Stage 1 | Subject outline | Version control
For teaching in 2021. Accredited in August 2019 for teaching at Stage 1 from 2020.
Stage 1 | Subject outline | Subject description
Outdoor Education is a 10-credit subject or a 20-credit subject at Stage 1.
Through the study of three focus areas — environment and conservation; planning and management; and personal and social growth and development — students develop skills and understanding in preparation and planning for outdoor experiences, risk management, and conservation practices, and develop their teamwork and practical outdoor skills.
Students develop an understanding of ecosystems and the impacts of human actions and decisions through the study of natural environments and wilderness areas. They develop knowledge and understanding of environmental systems and their conservation.
The learning experiences that take place in a variety of locations are intended to enable students to develop an appreciation of their place in, and their impact on, environments. As they spend time learning in natural environments, students develop knowledge and apply planning and risk-management skills for outdoor journeys that ensures they travel safely. They also apply these skills to plan for minimal impact as they move through natural environments.

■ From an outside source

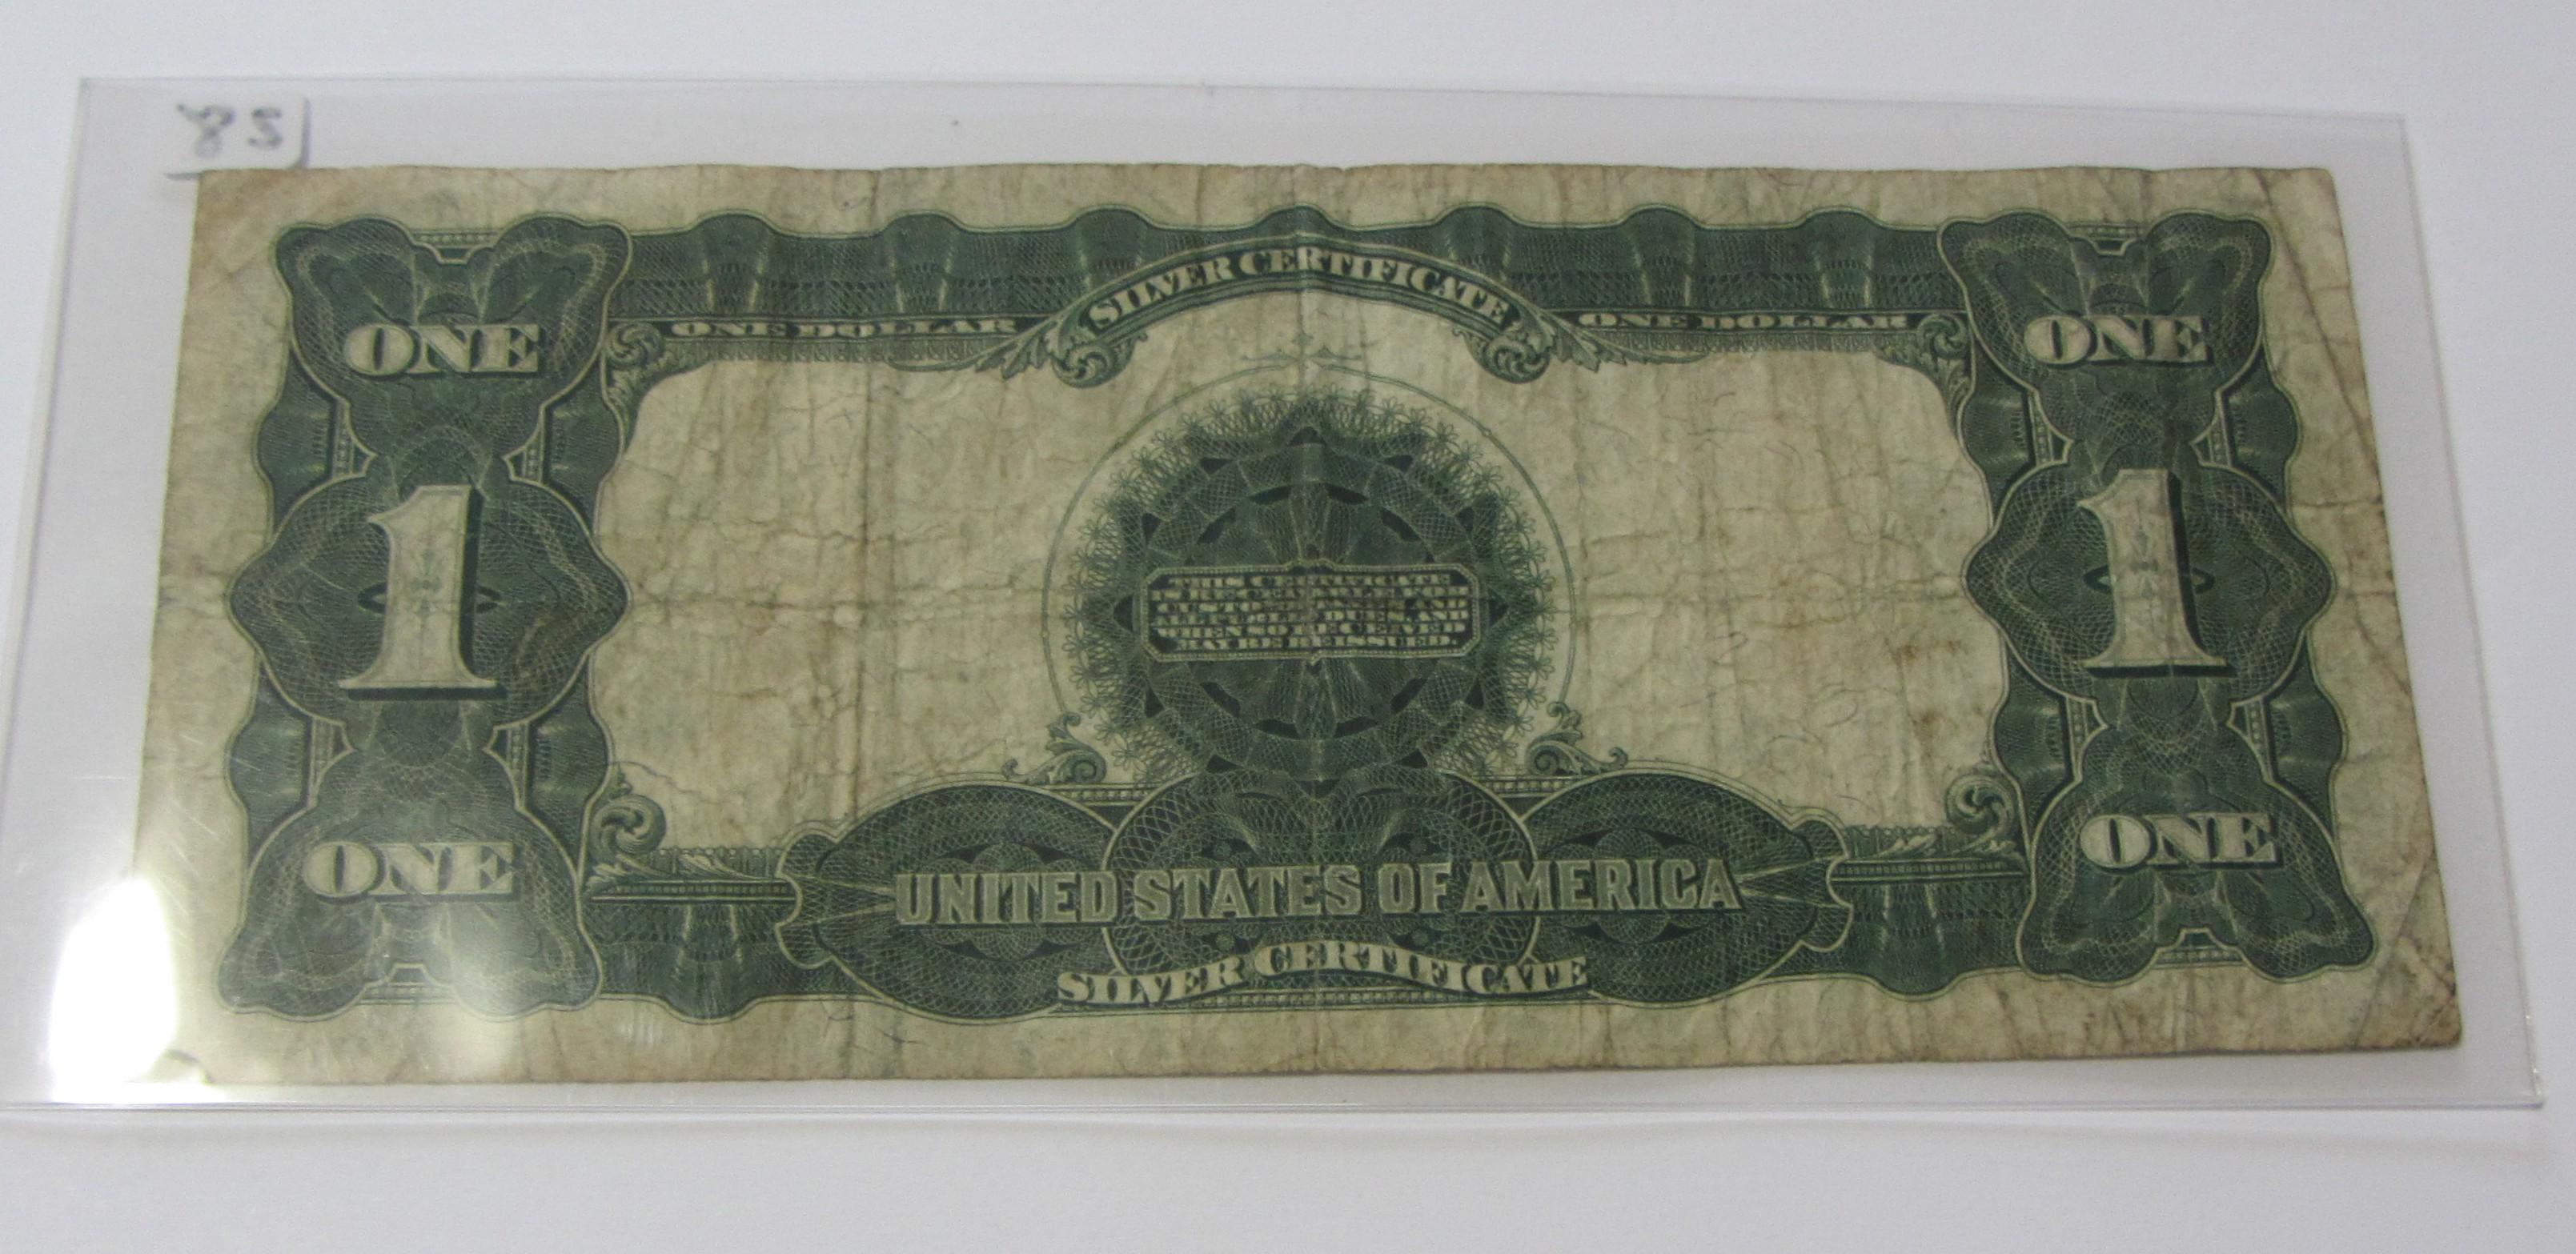 $1 1899 BLACK EAGLE SILVER CERTIFICATE

The study of Stage 1 Outdoor Education provides students with opportunities to experience personal growth and to develop social skills, self-confidence, and teamwork skills. They evaluate and reflect on their own learning progression and skills development, and working with others in groups, as well as their relationship with and connection to nature.
The development of a relationship with natural environments can impact positively on students’ health and well-being, and can foster a lifelong connection with nature and a commitment to responsible activity when interacting with natural environments.

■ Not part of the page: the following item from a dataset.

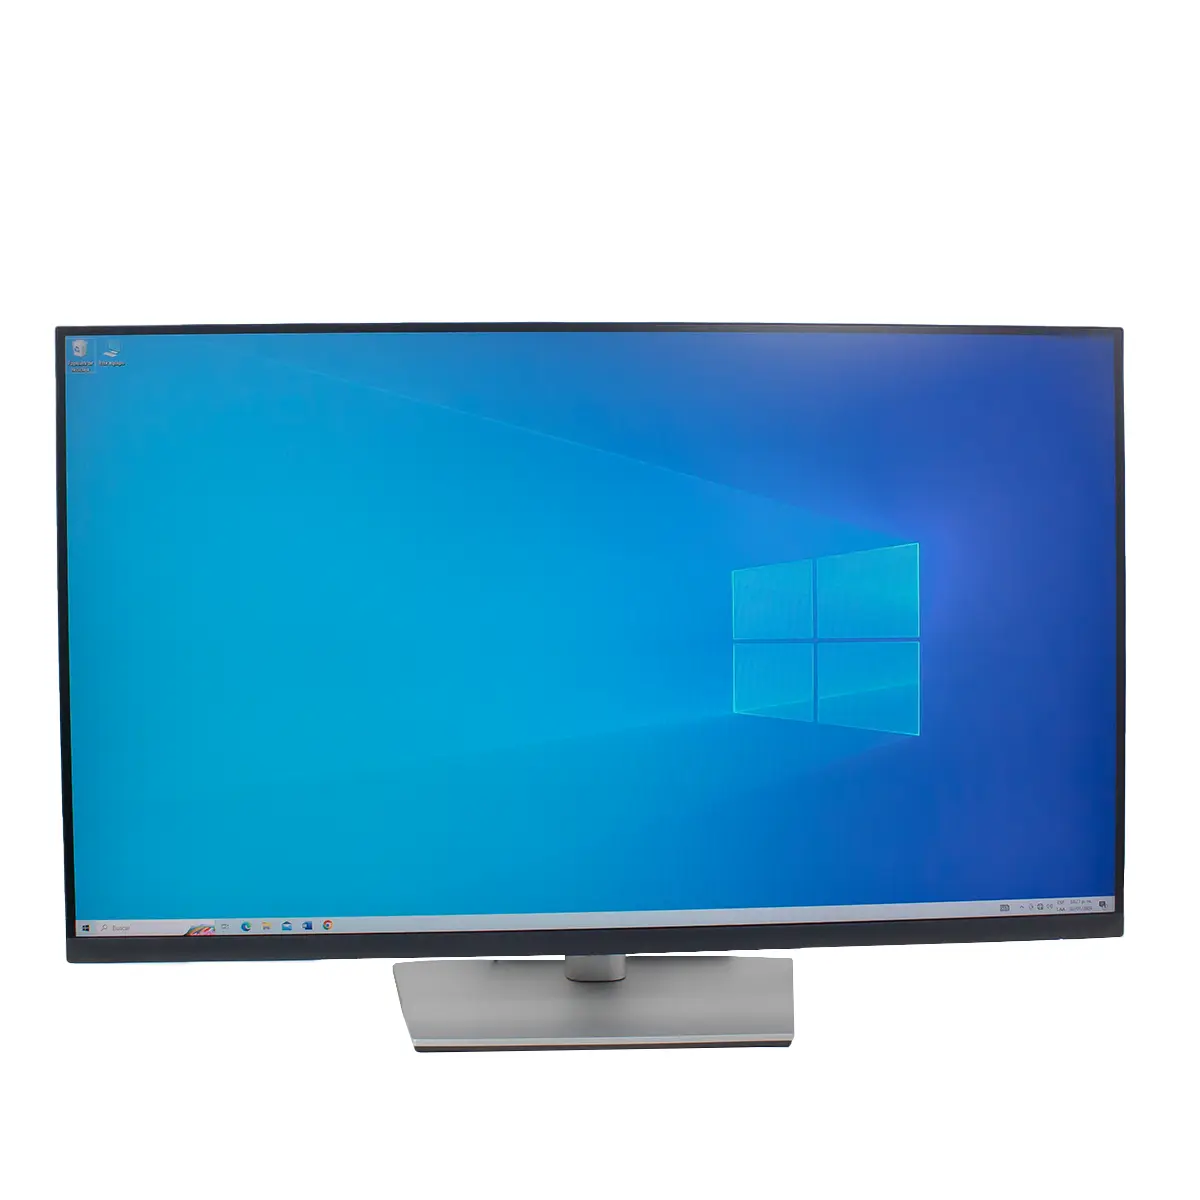 Monitor Dell 19 - PC ONE TIJUANA

In the context of this subject, the term ‘natural environment’ refers to an ecological unit that encompasses living and non-living things occurring naturally, with minimal influence from humans. It is recognised that the natural environments where learning is intended to take place in this subject will have varying degrees of naturalness. The term ‘natural environment’ is also used to contrast with urban or built environments that may include green spaces or coastal areas.